Databases en indicatoren.
CWTS zelf maakt gebruikt van de literatuurdatabase van Thomson Reuters (Web of Knowledge) die zij zelf offline ontvangen en bewerken. Uiteraard doen zij ook onderzoek naar de bruikbaarheid van andere databases en in ieder geval is het, aldus van Raan een zegen dat er meer concurrentie (Scopus, Google Scholar) is en dus het monopolie van Web of Science afkalft.
Google Scholar is vrnl. onbruikbaar, omdat er geen gegevens bekend zijn over de dekking daarvan, maar een collega op de ISSI conferentie in Zuid Afrika, zei wel, aldus een van onze docenten, dat hij blij was dat er in ieder geval iets is voor m.n. de humaniora. [Web of Science is erg gefocussed op life sciences en heeft in andere wetenschapsgebieden niet of zeer onvolledige dekking).Scopus wordt steeds beter en steeds completer, hoewel er nog steeds onverklaarbare ‘gaps’ zitten.
impact factor
Uiteraard ken ik de JCR: Journal Citation Report, waarbij Thomson Reuter ieder jaar de impact factoren van de tijdschriften publiceert.

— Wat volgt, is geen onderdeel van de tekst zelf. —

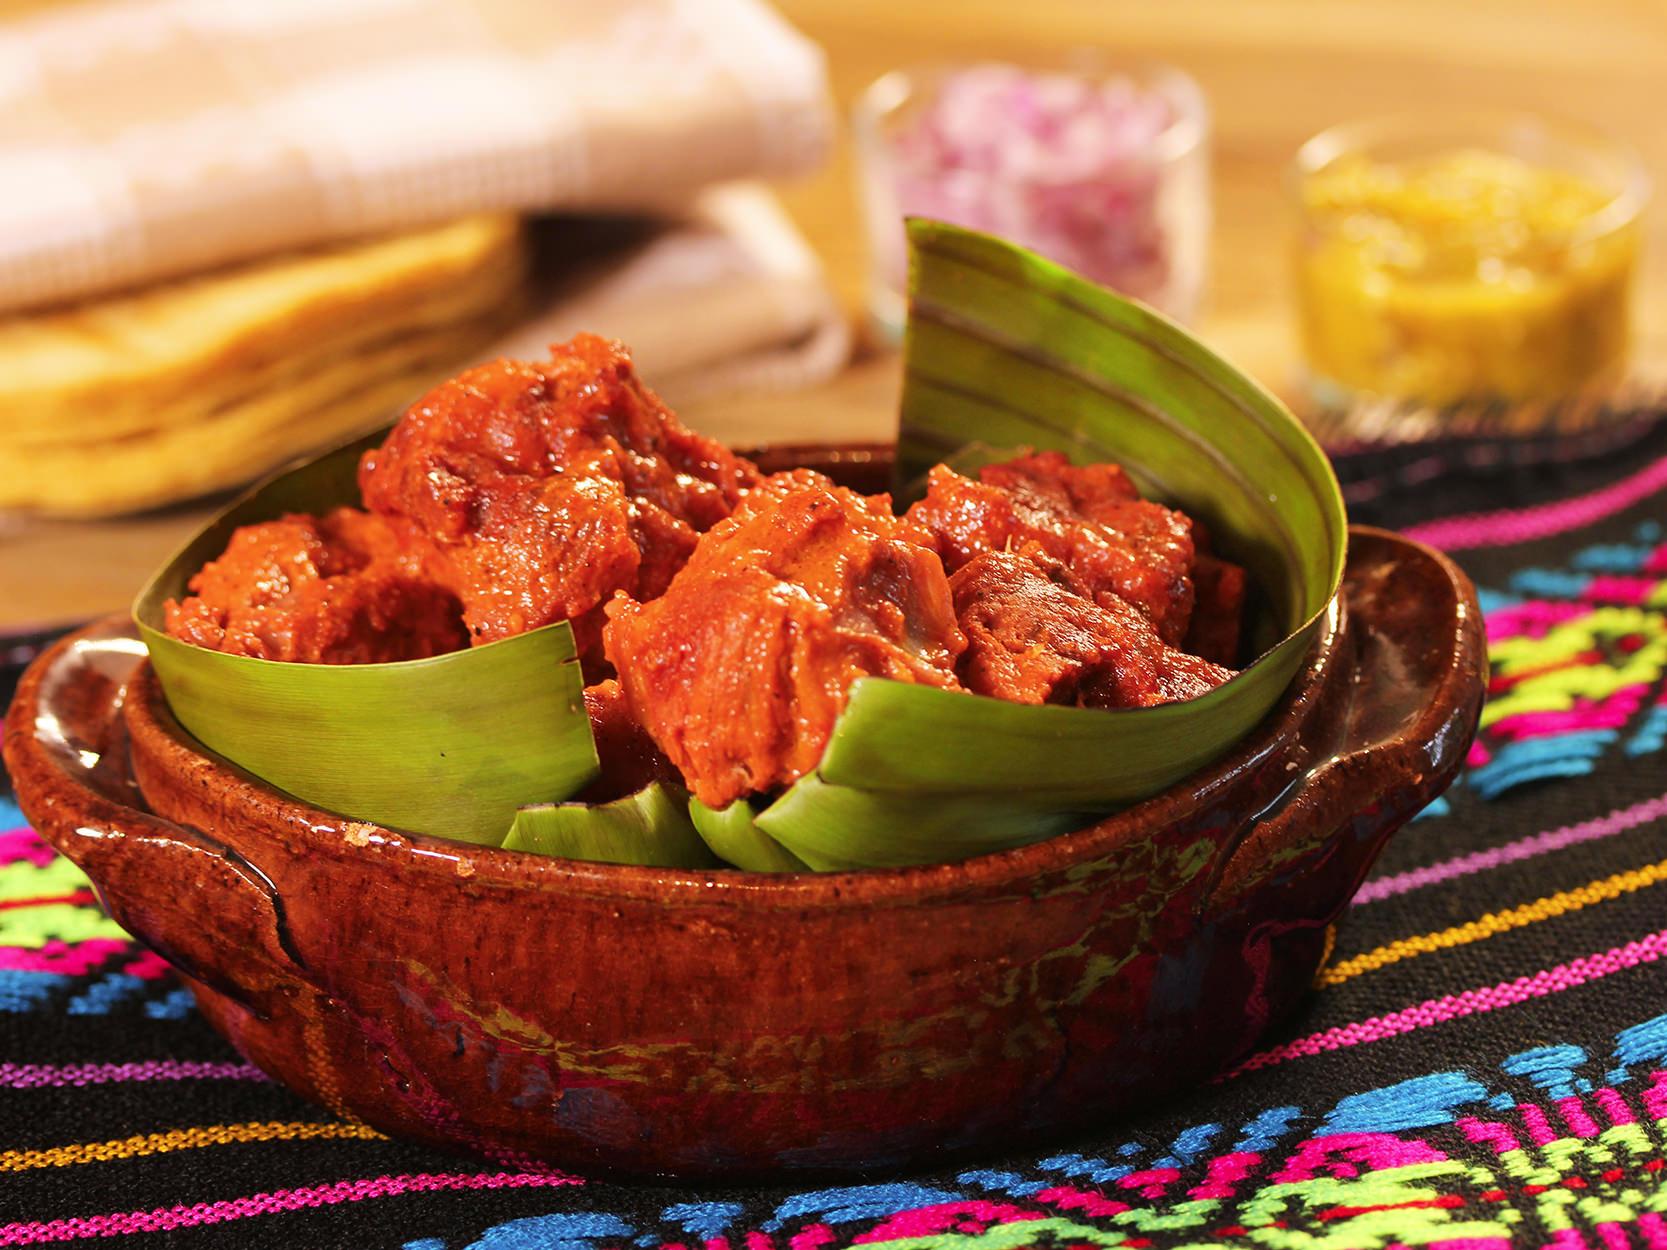 preparar cochinita pibil

Scopus heeft daar een alternatief voor de SNIP. De SNIP index vergelijkt de citaties die een tijdschrift krijgt met de citaties die het (in de referenties bij de artikelen) geeft. En daarmee, aldus van Leeuwen krijg je een normalisatie voor het veld en worden de cijfers beter vergelijkbaar.
CWTS heeft zelf een nog betere indicator ontwikkeld de JFIS (=MNJS), die dus de citaties in een tijdschrift voor het veld normaliseert (afzet tegen het gemiddelde van die onderwerpsgroep) en die bovendien niet alleen naar de citaties uit een bepaald jaar kijkt, maar ook die van voorgaande jaren.Maar omdat ze WoS materiaal gebruiken mag de JFIS niet openbaar.

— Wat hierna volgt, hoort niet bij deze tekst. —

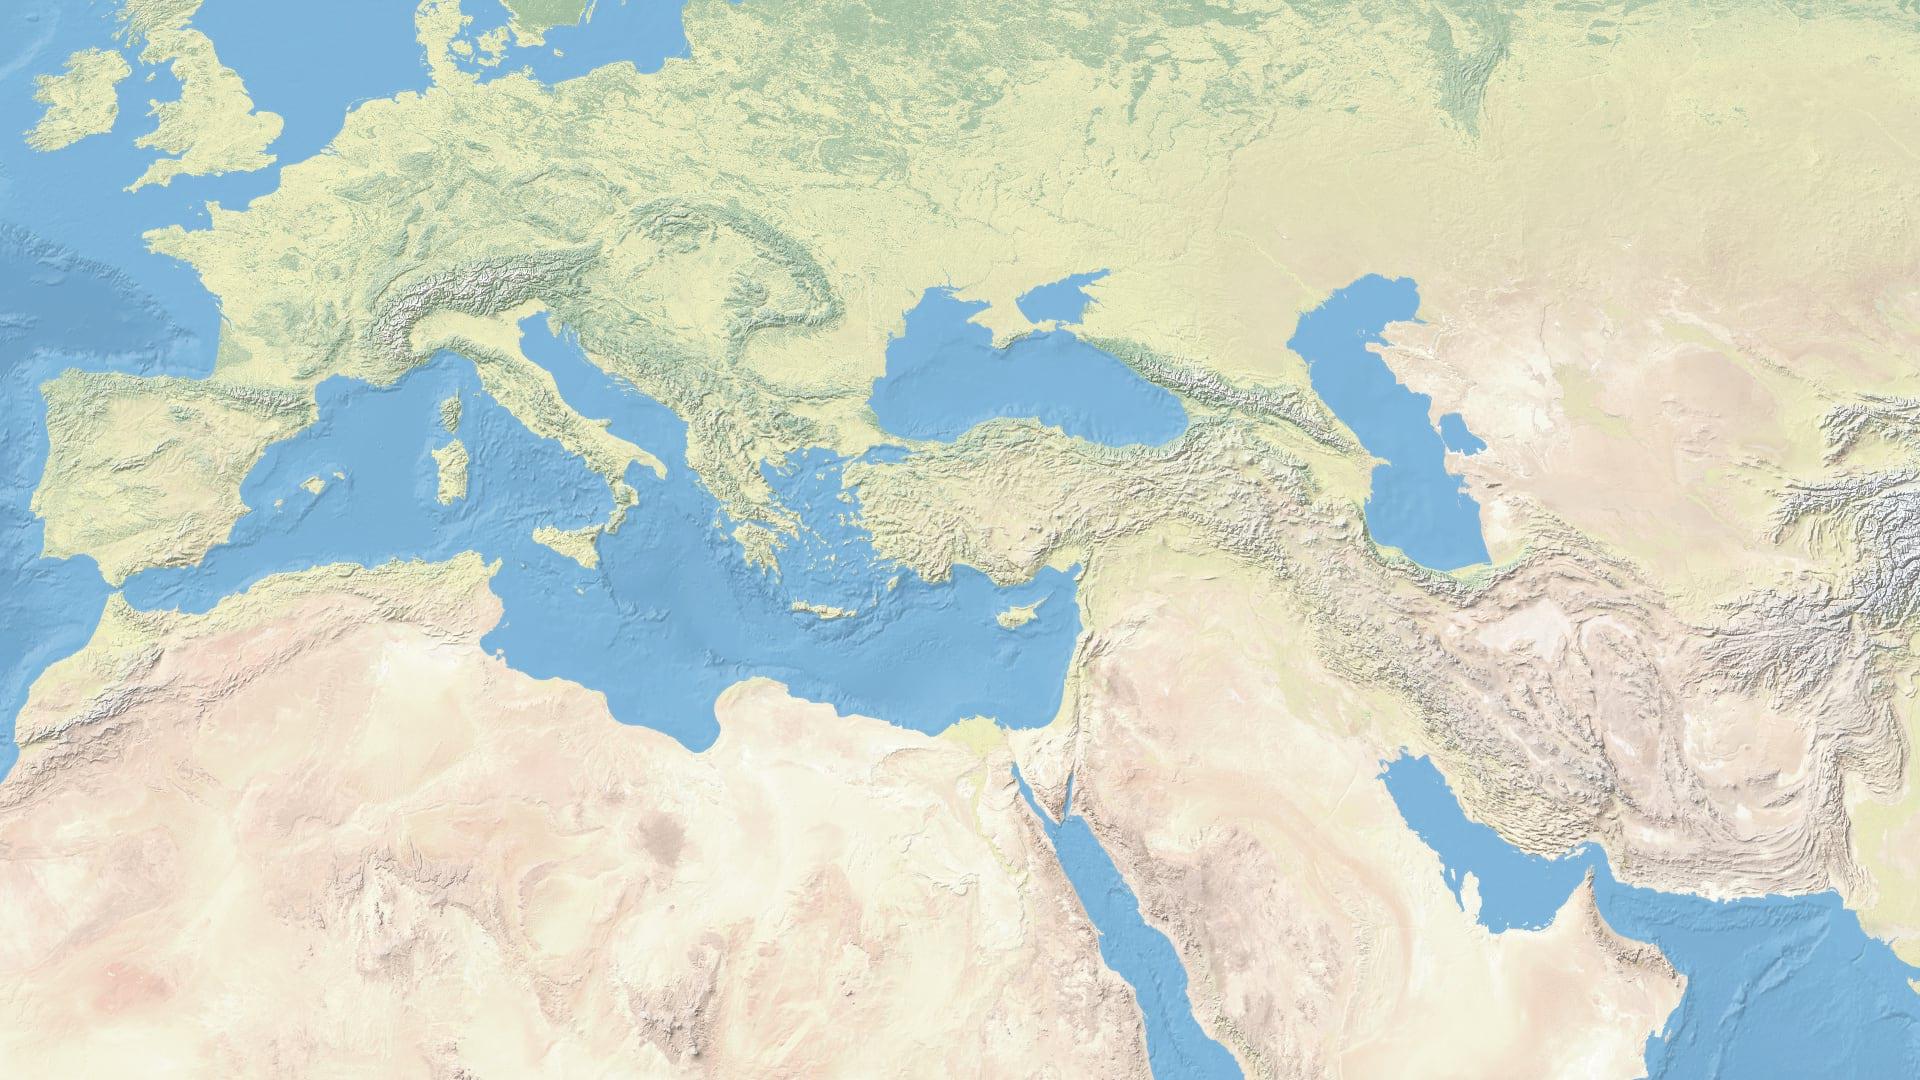 Natural Earth terrain and landcover basemap.

Dat neemt niet weg dat een gemiddelde zoals de journal impact factor-SNIP-JFIS toch niet zulke goede indicatoren zijn, omdat je bij alle ziet dat de distributie van de citaties ongelijk verdeeld is over de tijdschriftartikelen: een klein deel van de publicaties krijgt het merendeel van de citaties.
Wat indicatoren betreft gebruikt het CWTS het liefst de ‘genormaliseerde’indicatoren, omdat die beter met elkaar vergelijkbaar zijn, omdat omvang en veld waarin gepubliceerd wordt daarmee worden gelijkgeschakeld.

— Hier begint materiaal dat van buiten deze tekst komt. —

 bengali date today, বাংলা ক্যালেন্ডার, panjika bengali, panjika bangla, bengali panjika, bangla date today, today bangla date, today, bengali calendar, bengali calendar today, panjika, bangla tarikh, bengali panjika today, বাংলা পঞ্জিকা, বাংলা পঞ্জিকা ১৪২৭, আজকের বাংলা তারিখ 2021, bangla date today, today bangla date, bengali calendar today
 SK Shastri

Niet/genormaliseerde indicatoren :
P= number of publications (alleen substantiele bijdrage: article, review, letter)
TCS= total citation score (self citations ignored)
MCS= mean citation score (gemiddelde citatiescore)
Genormaliseerde indicatoren:
MNCS = C/FCS + + de citatiescore gerdeeld door de veldscore = gemiddelde score in een onderwerpsveld
MNJS=JCS/FCS + + en dat kun je ook uitrekenen voor een tijdshcrift alss geheel (JFIS)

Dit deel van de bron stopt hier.